Write out each line below precisely, passing over the pictures.

++++ Given data ++++

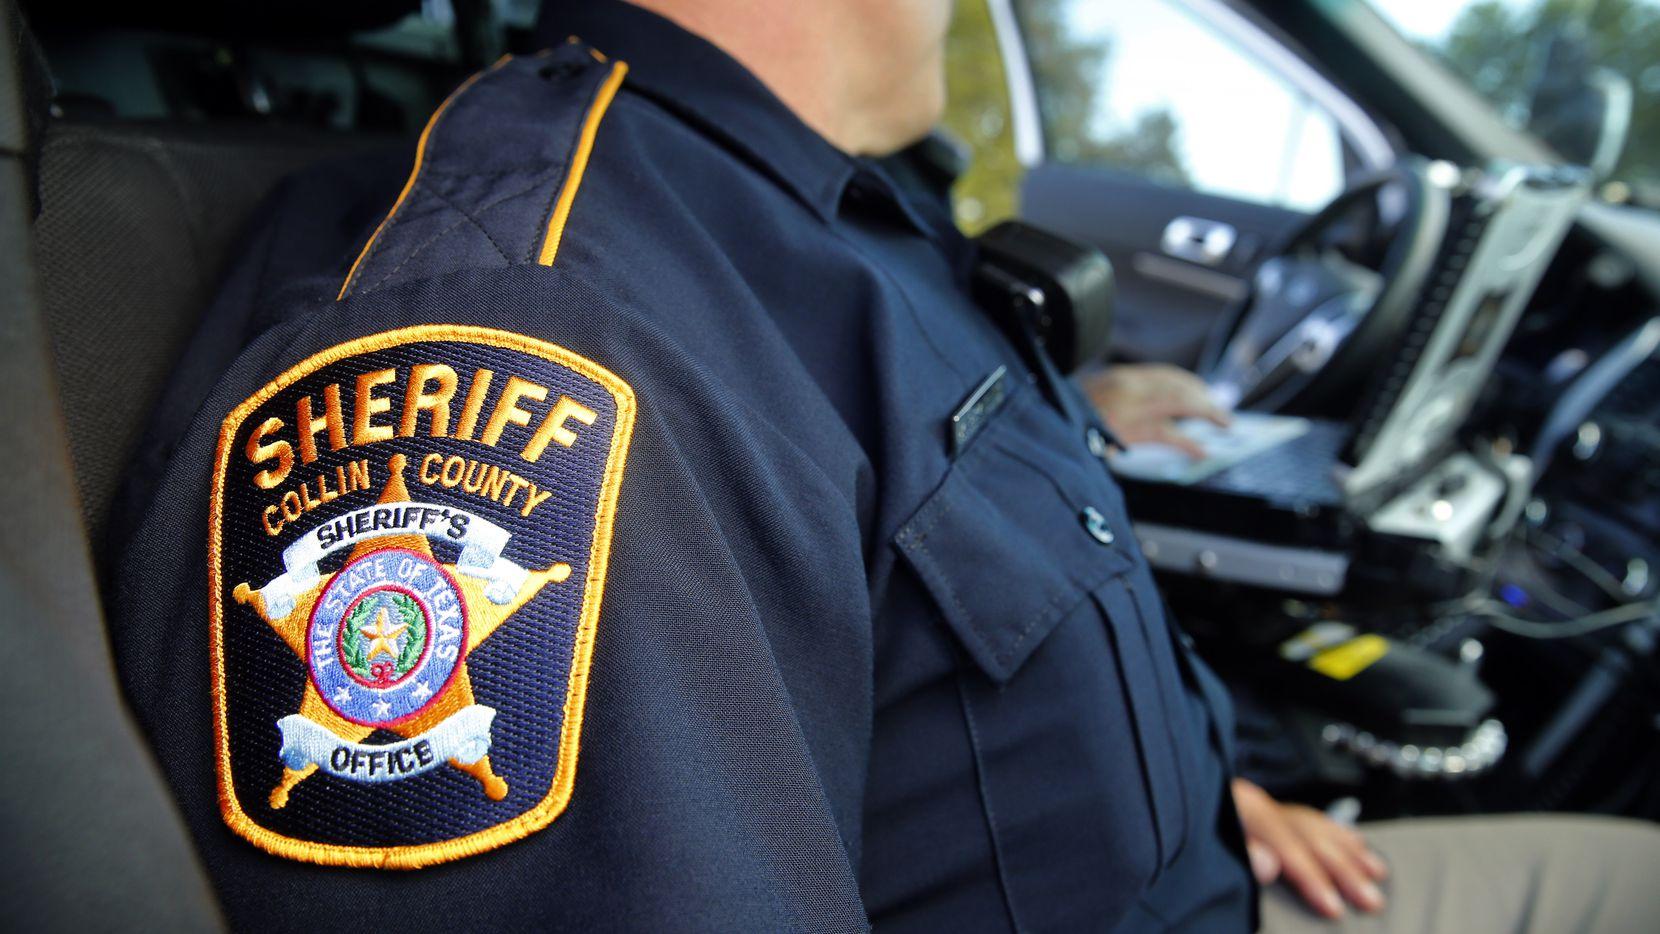 Sean Bartlett and Logan Bridgefarmer were arrested in the case.
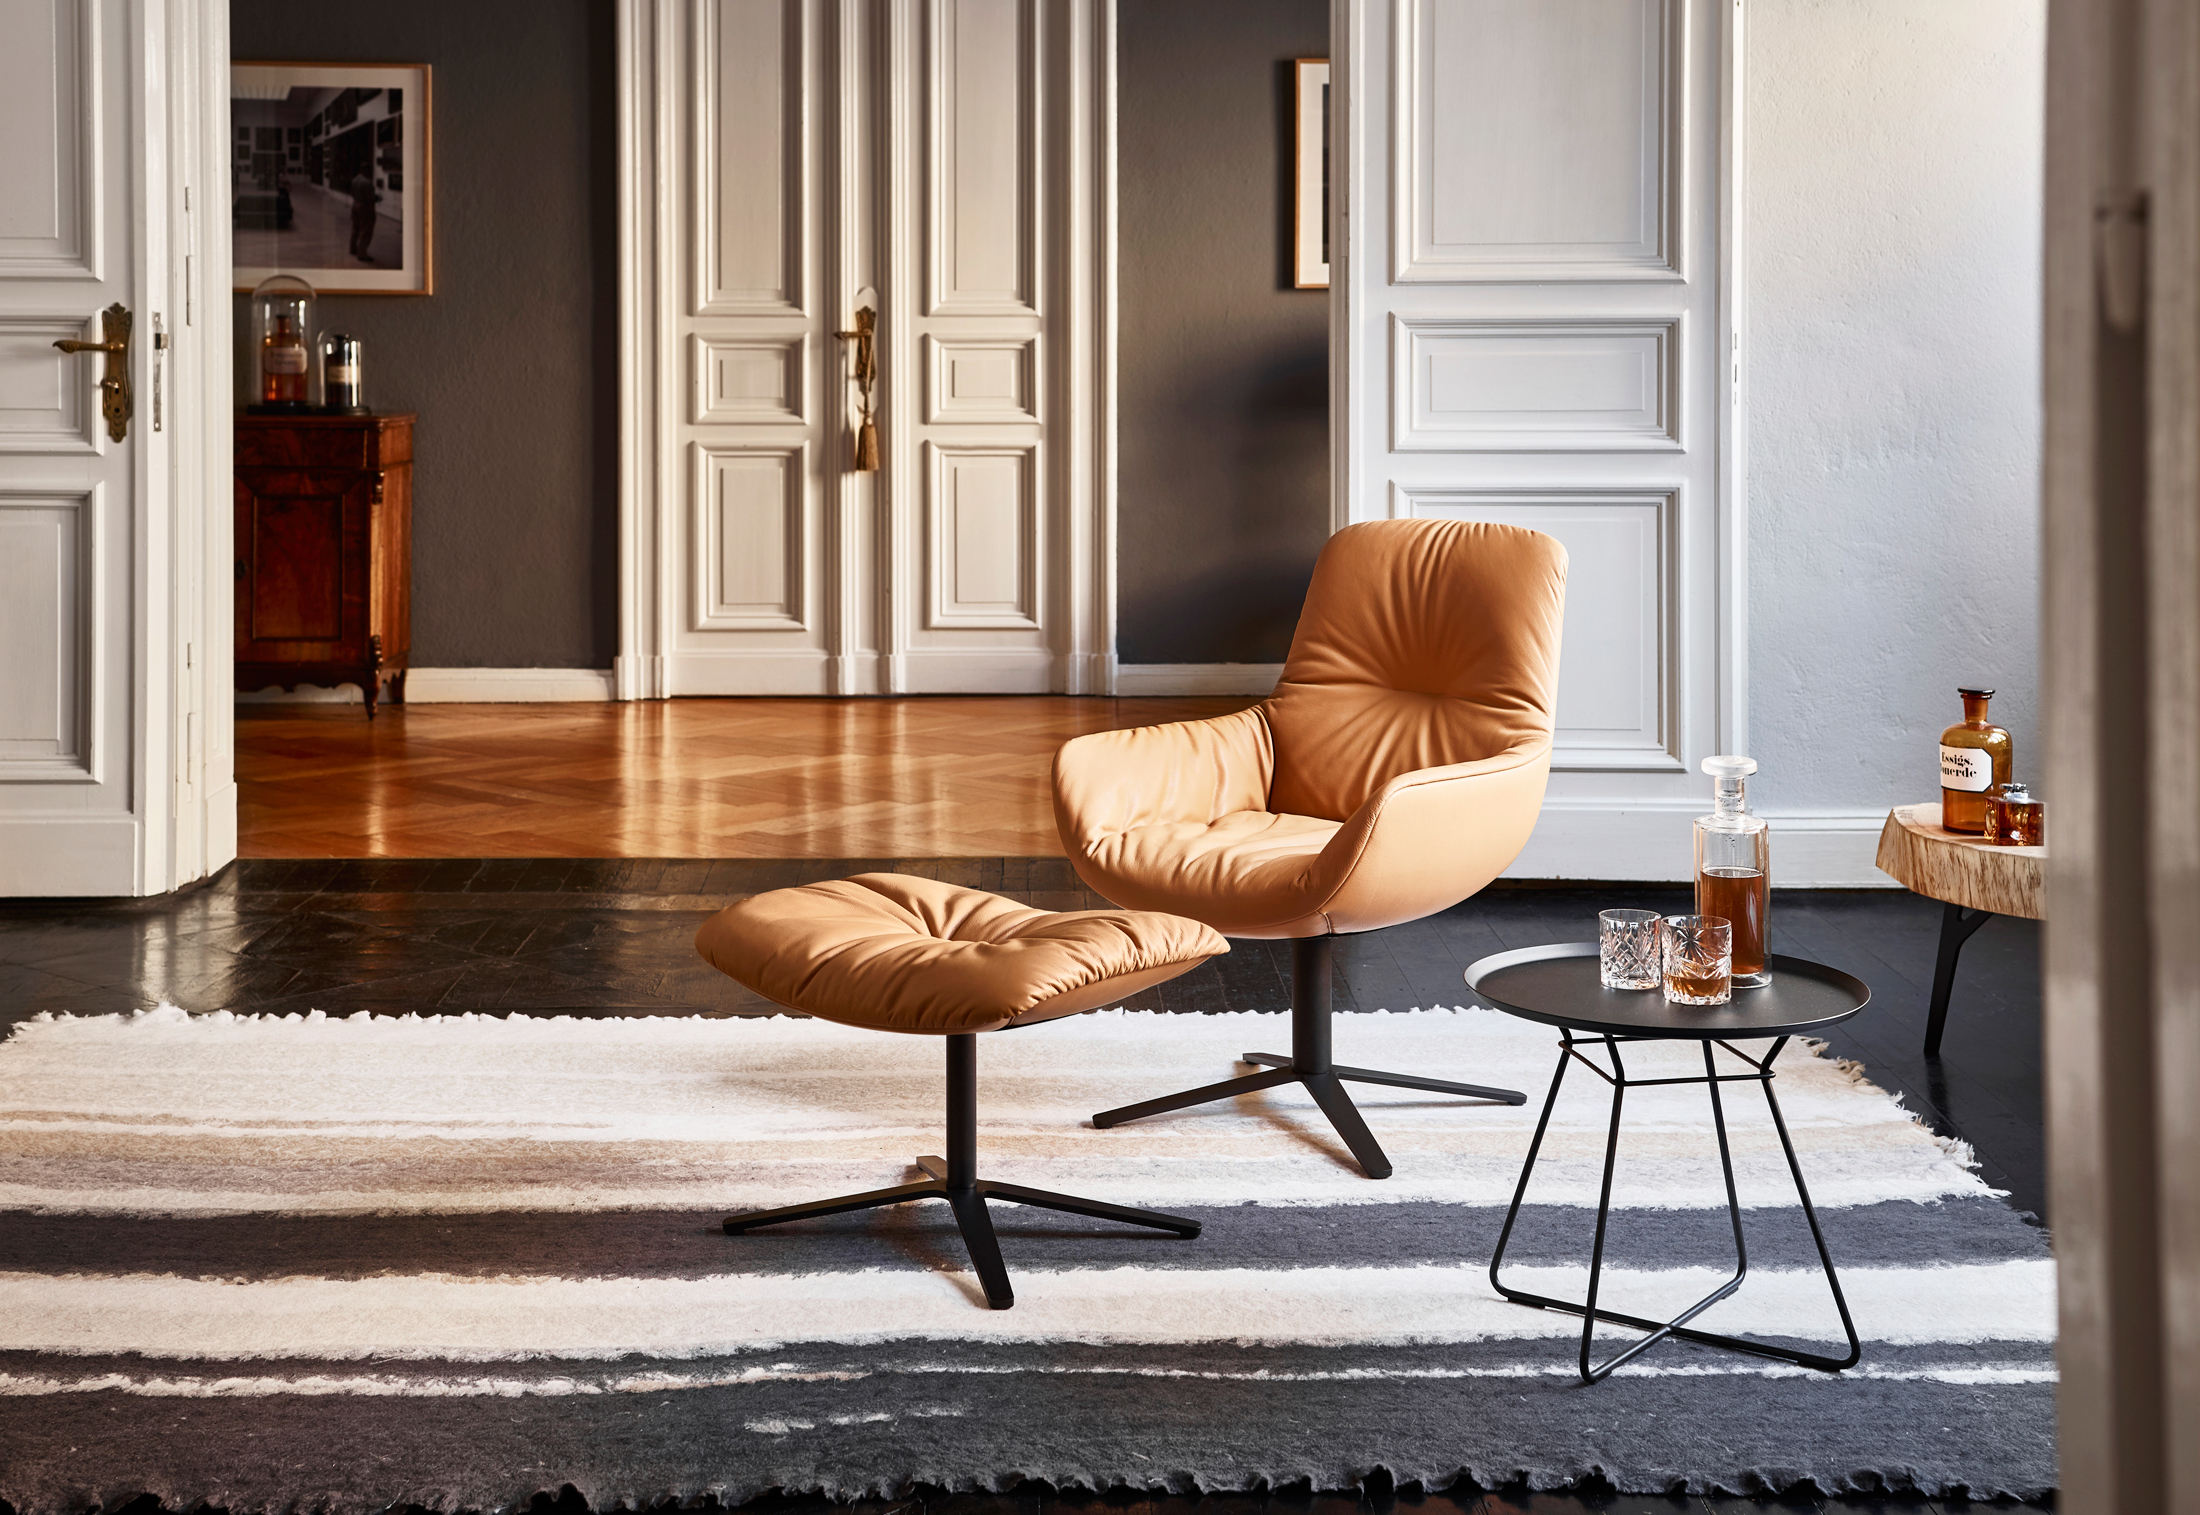 Leya Lounge Chair With X Base Frame By Freifrau Stylepark
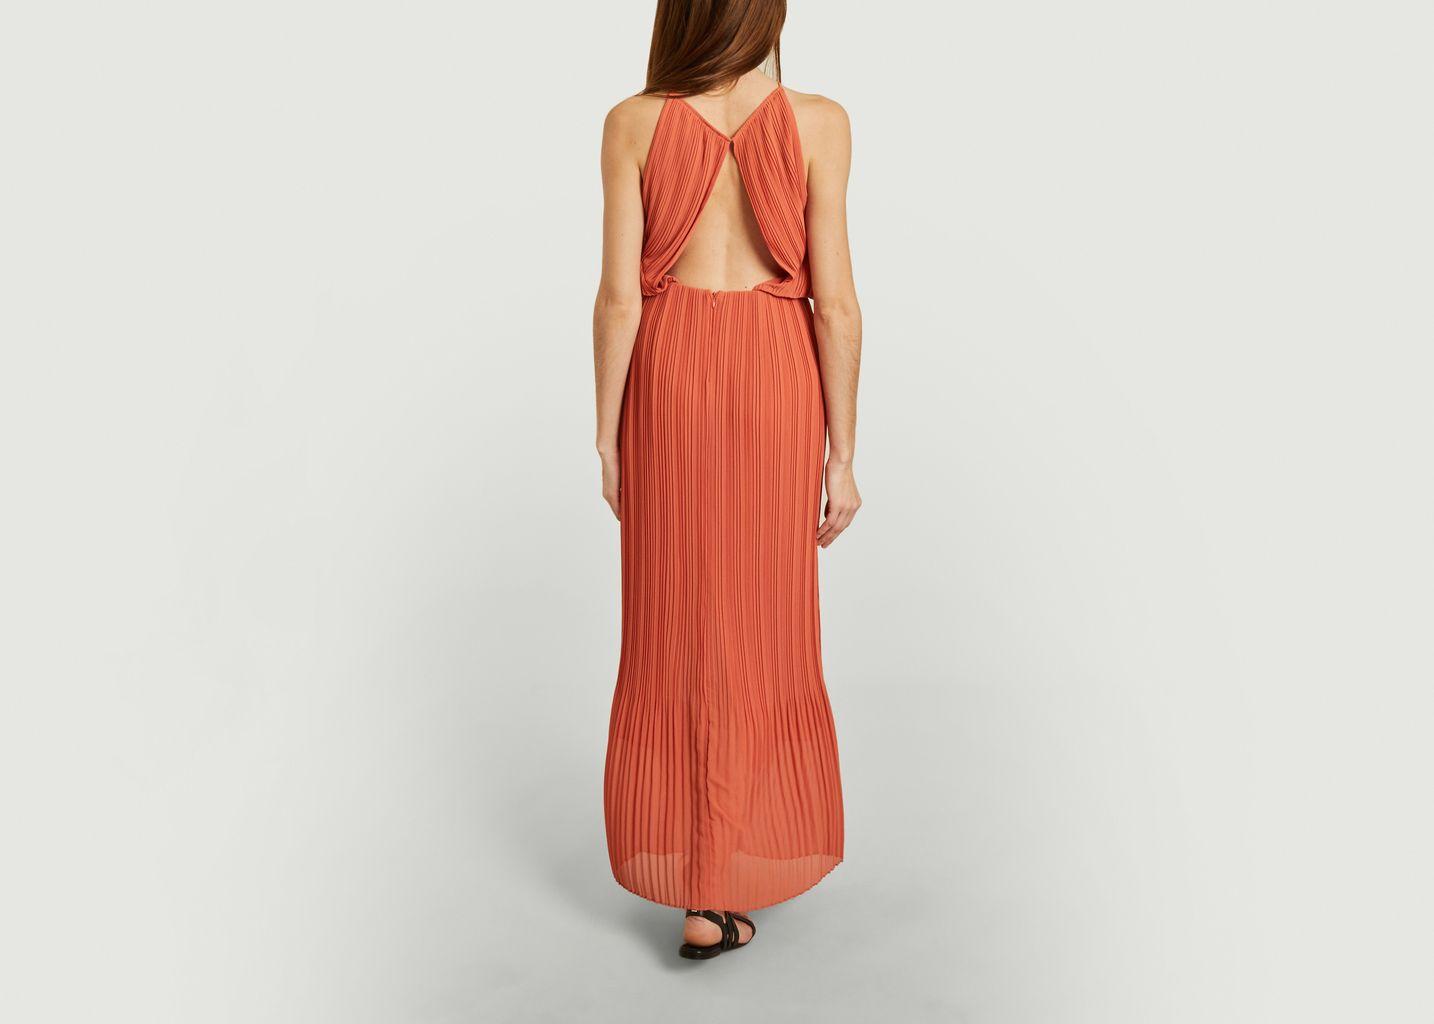 Robe longue plissée sans manche Myllow - Samsoe Samsoe
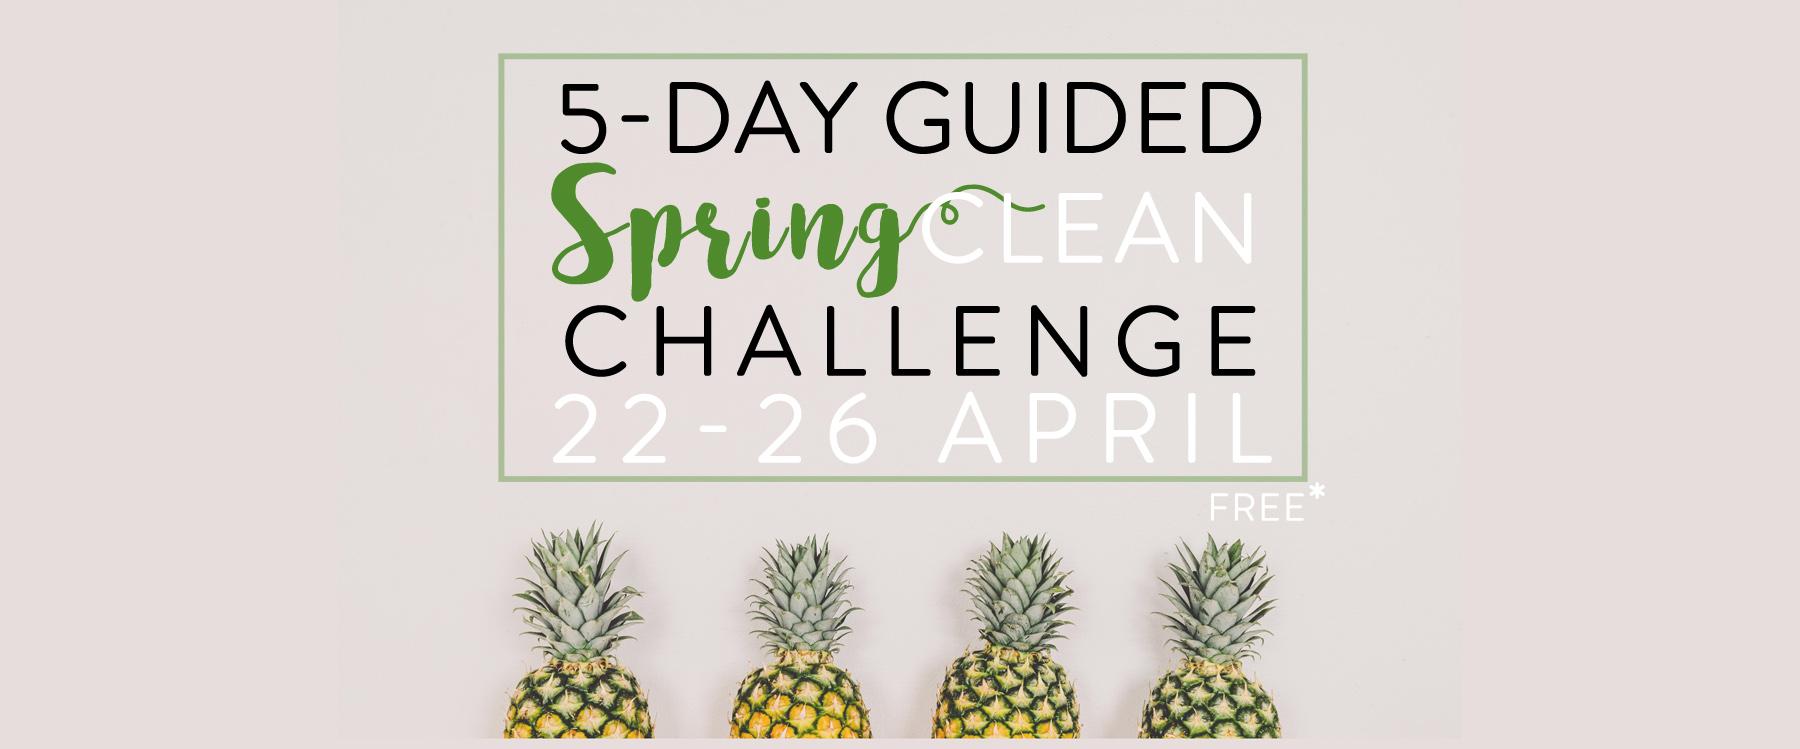 free-spring-clean-health-challenge-april

++++

*Answer for the task*.
 Sean Bartlett and Logan Bridgefarmer were arrested in the case.
 Leya Lounge Chair With X Base Frame By Freifrau Stylepark
 Robe longue plissée sans manche Myllow - Samsoe Samsoe
 free-spring-clean-health-challenge-april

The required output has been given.